- **Problem to work on**
After locating the line that holds "Sanrio Hello Kitty", repeat it and each following line exactly until the material ends, skipping pictures.

- **Data segment**
+-------+
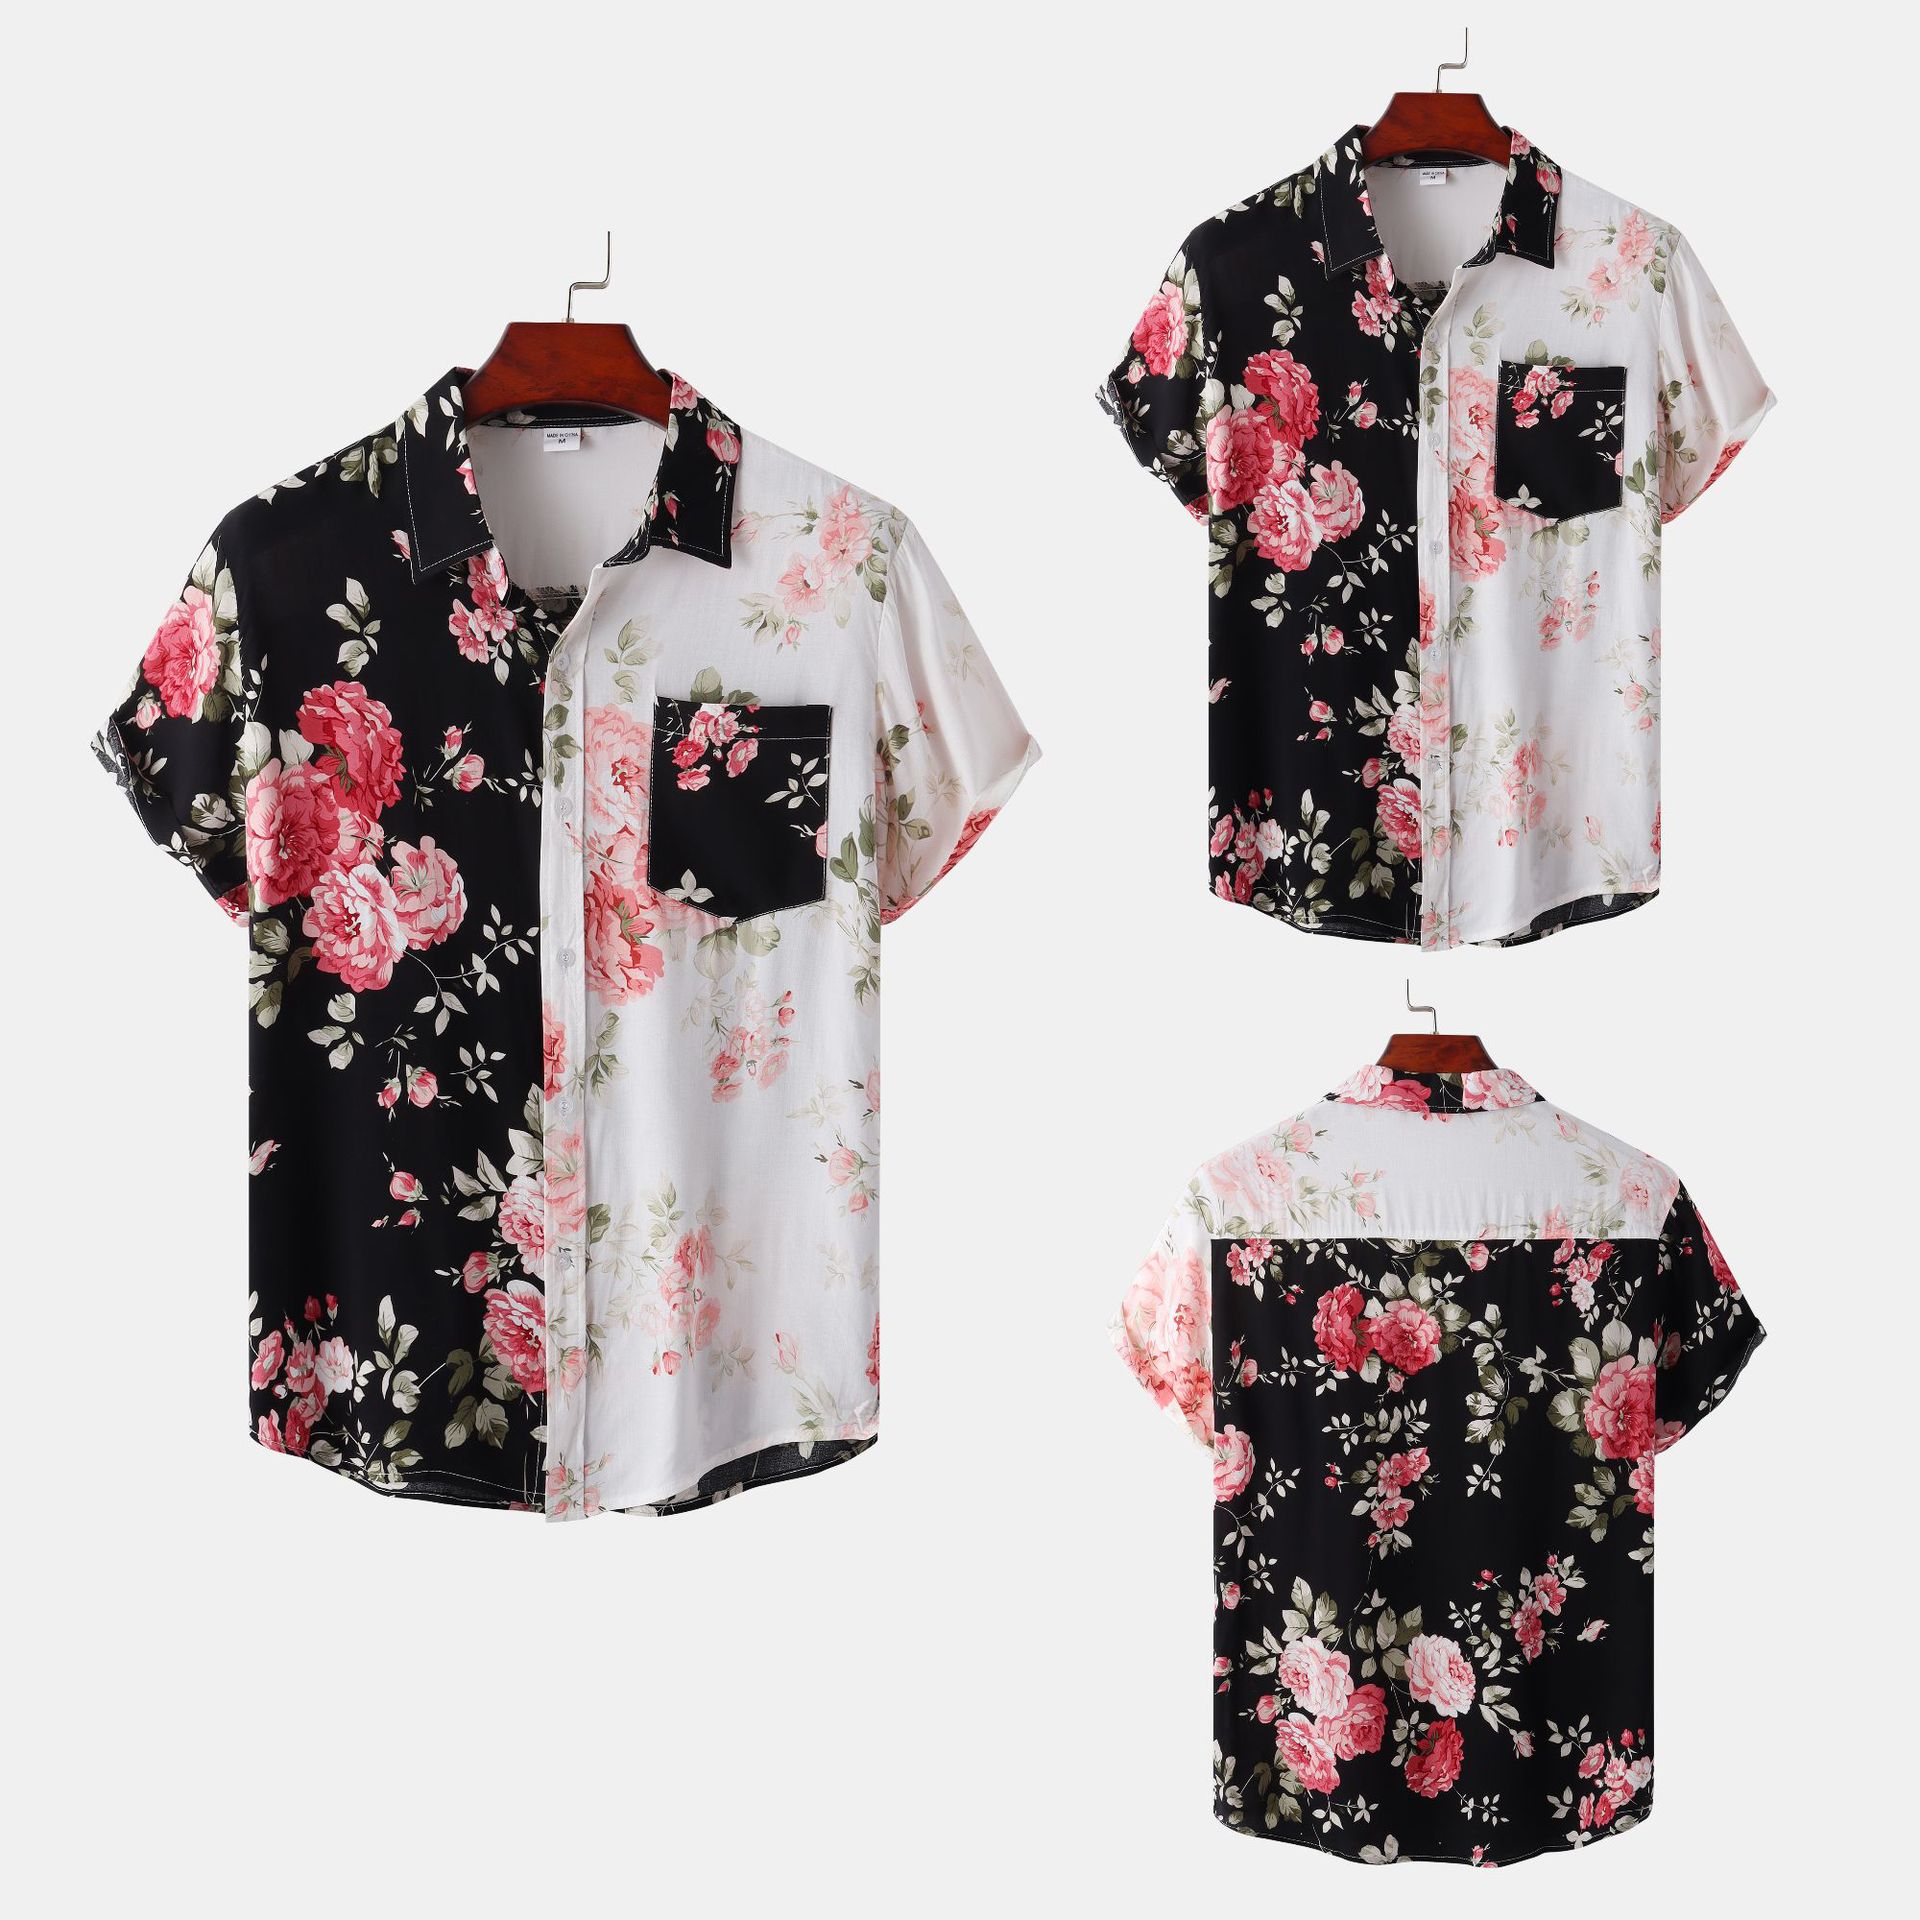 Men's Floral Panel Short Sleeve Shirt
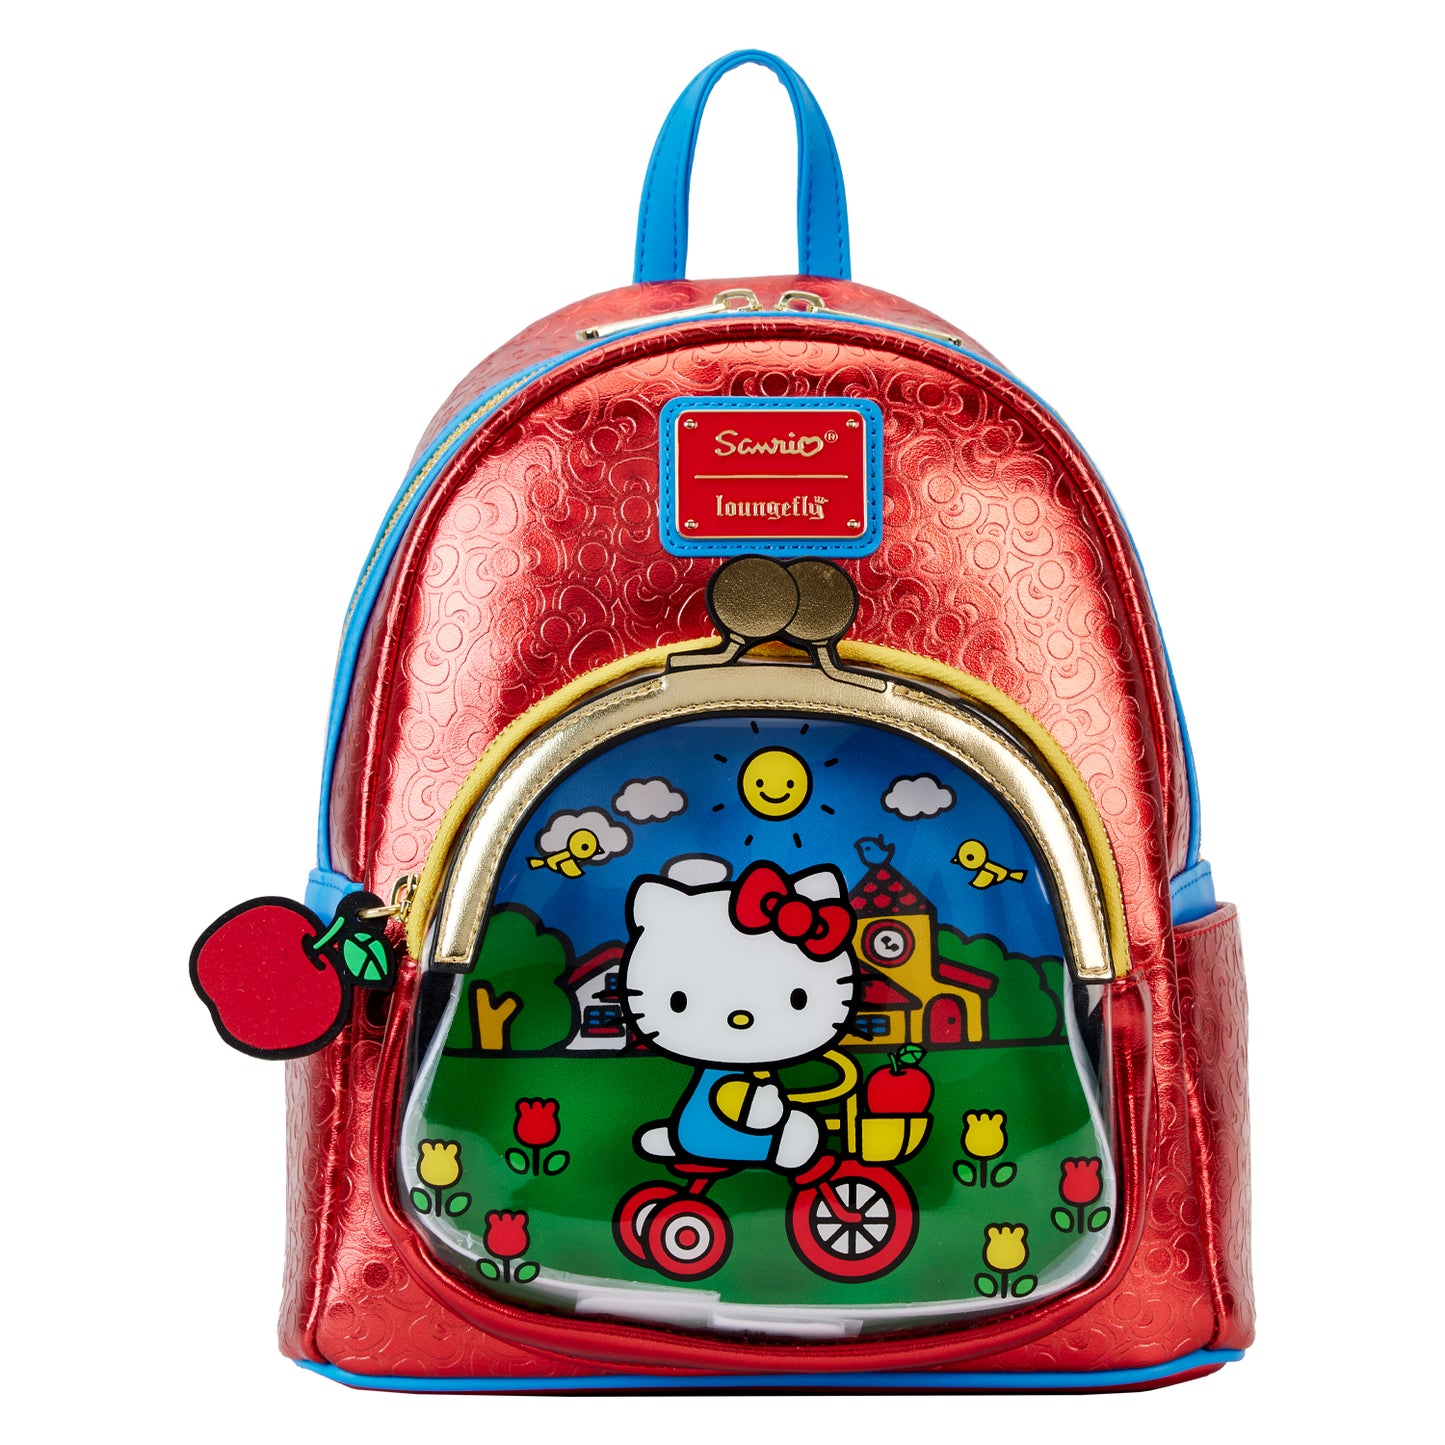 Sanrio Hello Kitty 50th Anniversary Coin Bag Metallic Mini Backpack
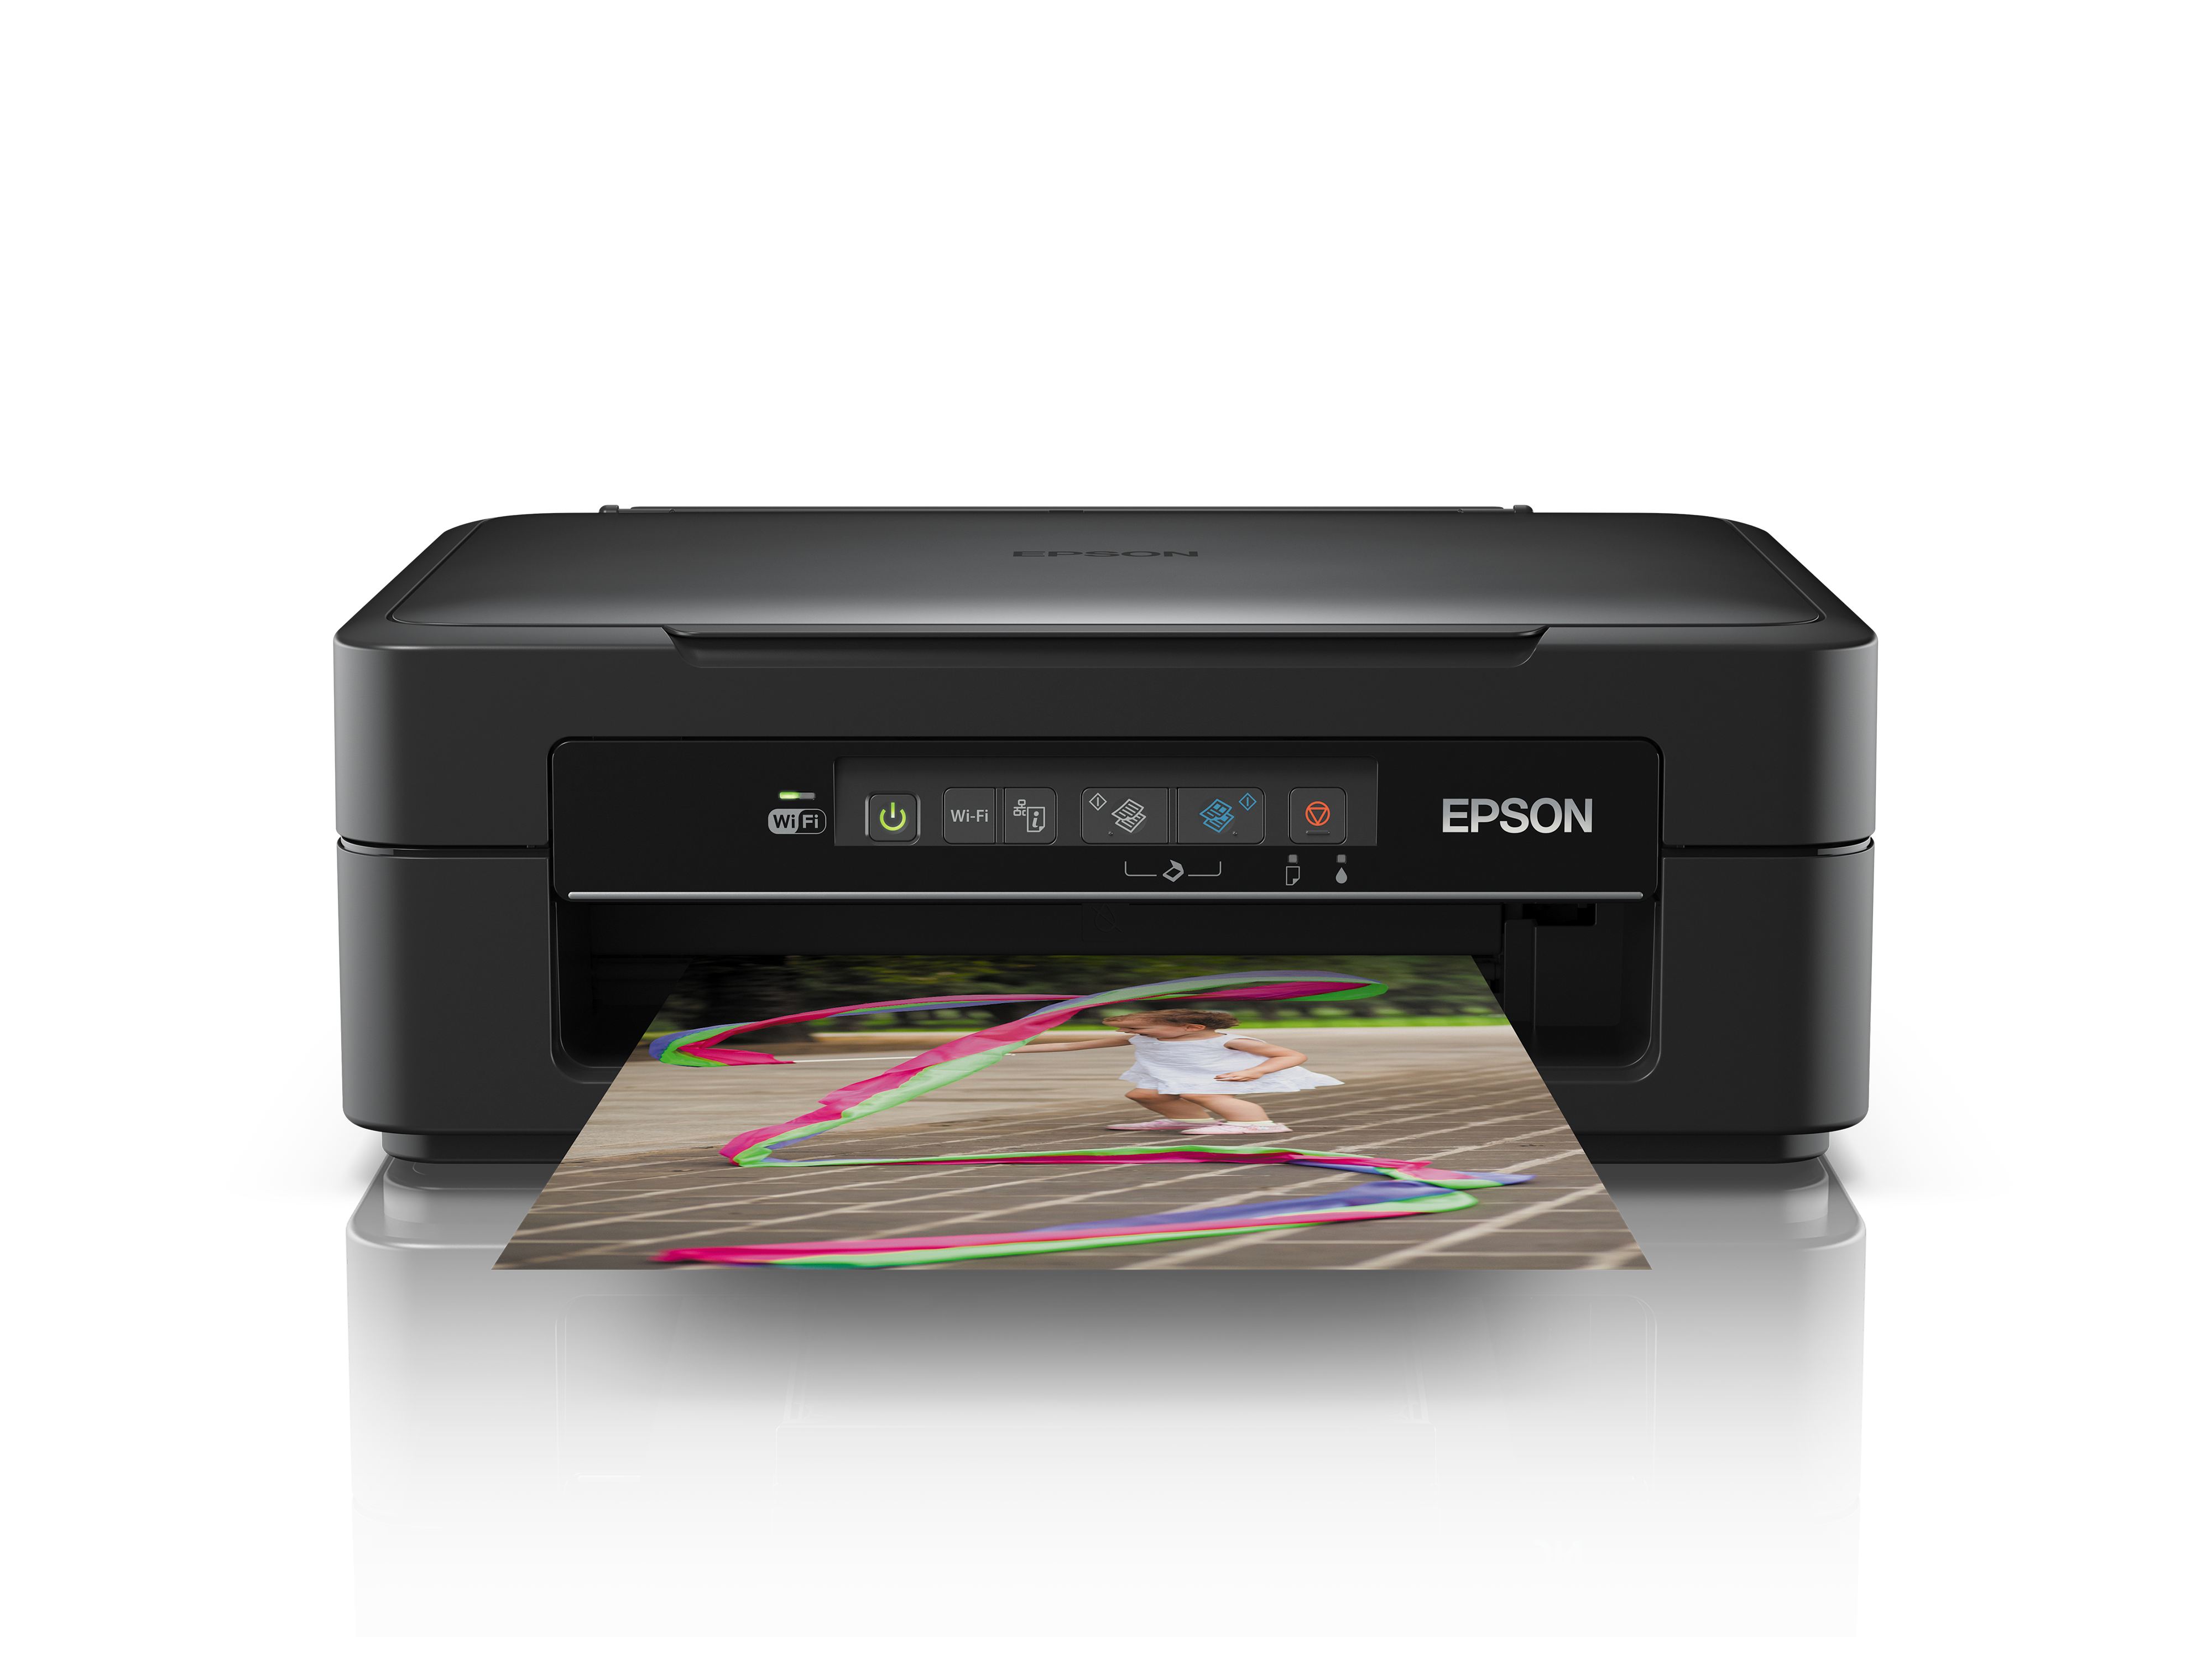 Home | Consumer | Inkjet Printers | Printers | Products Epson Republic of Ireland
+-------+
- **Response for this exercise**
 Sanrio Hello Kitty 50th Anniversary Coin Bag Metallic Mini Backpack
 Home | Consumer | Inkjet Printers | Printers | Products Epson Republic of Ireland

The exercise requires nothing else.